Illustration d'un homme faisant des chin-ups

La rangée d’haltères est bonne pour construire les muscles de nos ischio-jambiers, de nos fessiers et de nos érecteurs vertébraux, ce qui en fait un excellent soulèvement d’assistance pour le deadlift et un soulèvement du dos plus pertinent pour les powerlifters. Cependant, bien qu’il s’agisse d’un bon soulevé de terre pour l’entraînement de nos chaînes postérieures, sa courte amplitude de mouvement, sa faible courbe de force et son manque d’implication des biceps signifient qu’il n’est pas idéal pour l’entraînement de nos dos ou de nos biceps.

Le chin-up, en revanche, a une amplitude de mouvement beaucoup plus grande, et il sollicite nos lats sous un étirement important, ce qui en fait un meilleur exercice de musculation pour le haut de nos dos et nos biceps. Le chin-up fait également un bon travail d’entraînement des muscles abdominaux, peut-être mieux que tout autre exercice composé. Donc, bien qu’il n’ait pas beaucoup de chevauchement avec le deadlift ou avec le powerlifting, il apporte quelque chose d’unique à la table, et il constitue une bonne base pour notre entraînement du dos.

La rangée d’haltères et le chin-up sont tous deux d’excellents soulèvements, mais nous préférons ralentir la rangée d’haltères comme un soulèvement accessoire pour le deadlift, alors que nous faisons du chin-up l’un des soulèvements principaux de notre programmation, en lui donnant une priorité beaucoup plus élevée.

Illustration de couverture du programme Outlift intermediate bulking pour les gars naturellement maigres.

En tout cas, si vous voulez un programme d’entraînement personnalisable (et un guide complet) qui intègre ces principes, alors consultez notre programme Outlift Intermediate Bulking. Nous avons également notre programme Bony to Beastly (pour les hommes) et Bony to Bombshell (pour les femmes) pour les débutants. Si vous avez aimé cet article, je pense que vous aimerez vraiment nos programmes complets.
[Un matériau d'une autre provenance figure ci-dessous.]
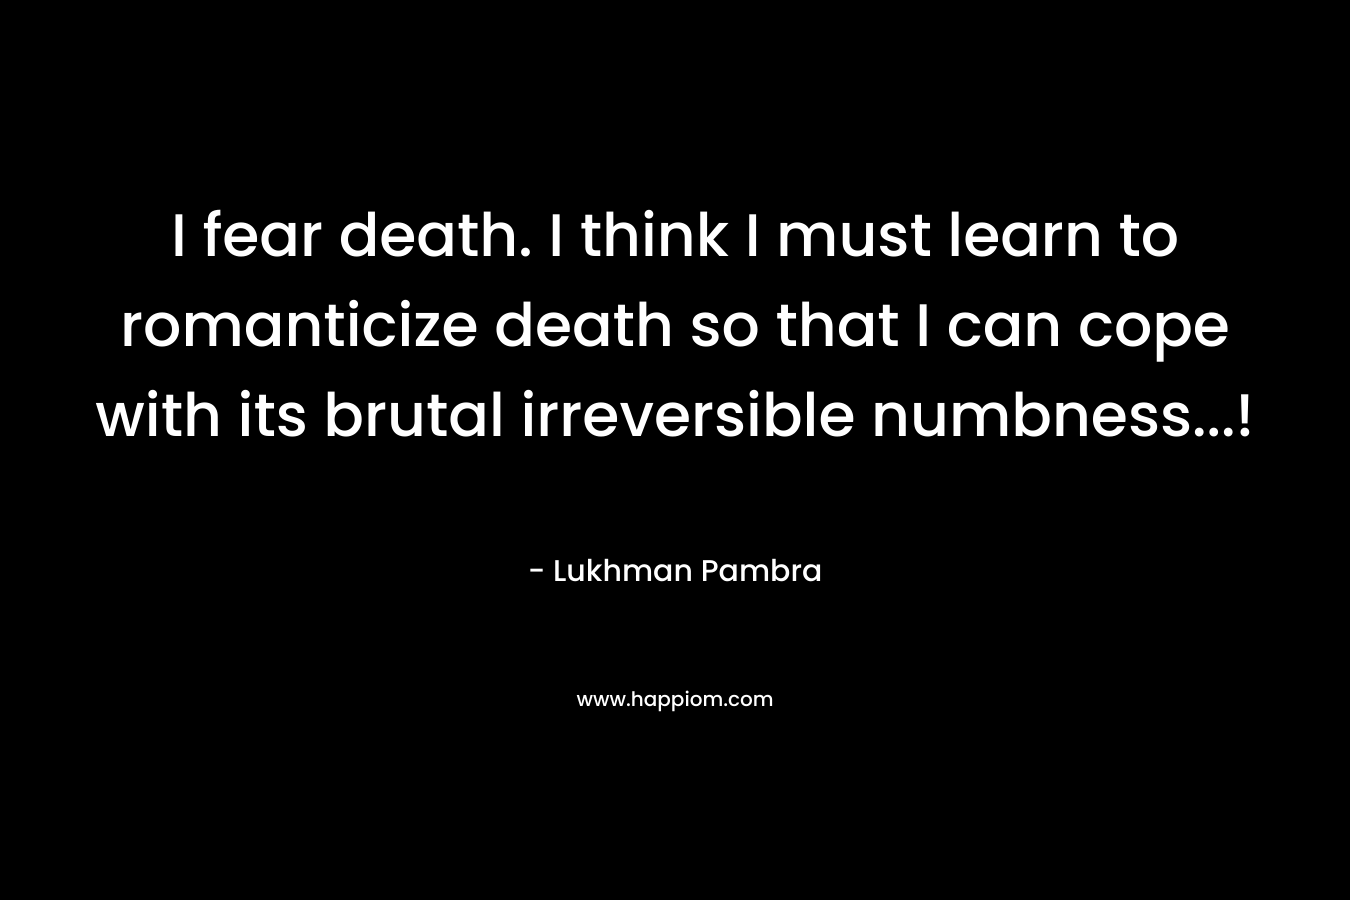 I fear death. I think I must learn to romanticize death so that I can cope with its brutal irreversible numbness...!

Shane Duquette est le cofondateur et le directeur créatif d’Outlift, de Bony to Beastly et de Bony to Bombshell, et il est titulaire d’un diplôme en design de l’Université York à Toronto, au Canada. Il a personnellement pris 65 livres à 11% de graisse corporelle et a dix ans d’expérience en aidant plus de 10 000 personnes maigres à se muscler.

Marco Walker-Ng est le cofondateur et le coach de force de Outlift, Bony to Beastly, et Bony to Bombshell, et est un entraîneur certifié (PTS) avec une licence en sciences de la santé (BHSc) de l’Université d’Ottawa. Sa spécialité est d’aider les gens à développer leurs muscles pour améliorer leur force et leur santé générale, avec des clients comprenant des athlètes collégiaux, professionnels et olympiques.